Christopher Greenbury (September 24, 1951 – January 4, 2007) was an English film editor with more than thirty film credits dating from 1979's The Muppet Movie. With Tariq Anwar, he won the BAFTA Award for Best Editing for American Beauty (1999), which he was also nominated for an Academy Award for Best Film Editing.
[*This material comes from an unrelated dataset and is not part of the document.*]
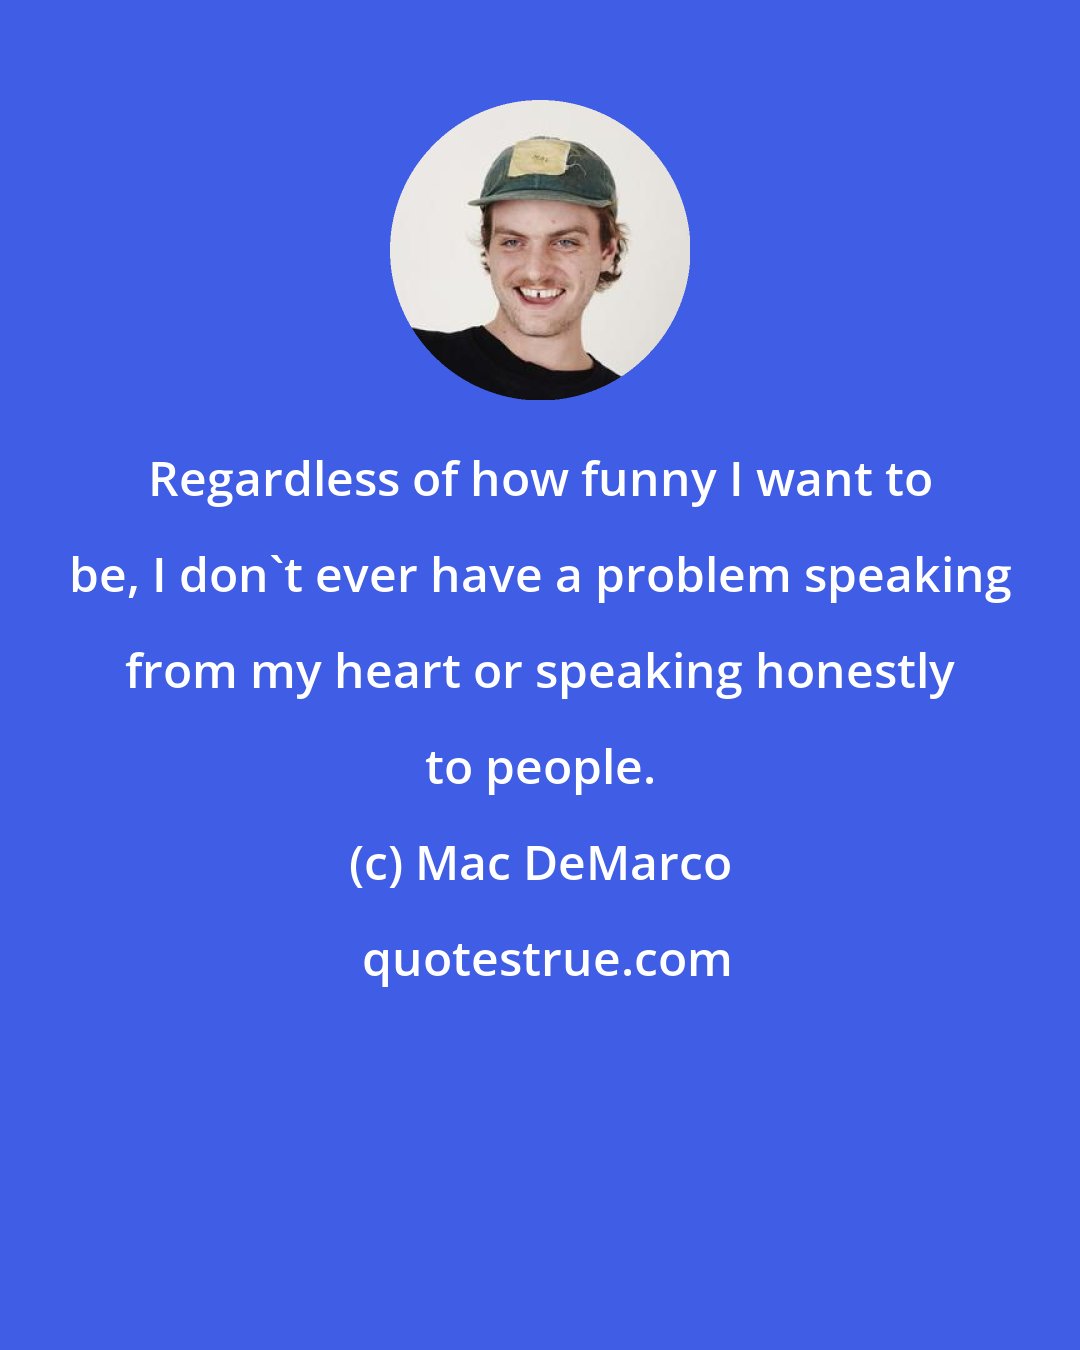 Mac DeMarco: Regardless of how funny I want to be, I don't ever have a problem speaking from my heart or speaking honestly to people.

American Beauty is a serious drama, but in general Greenbury edited comedy films, including six directed by the Farrelly brothers commencing with 1994's Dumb and Dumber.

Greenbury was a member of the American Cinema Editors (ACE).

Filmography

Based on Greenbury's filmography at the Internet Database. The director and release date of each film are indicated in parenthesis.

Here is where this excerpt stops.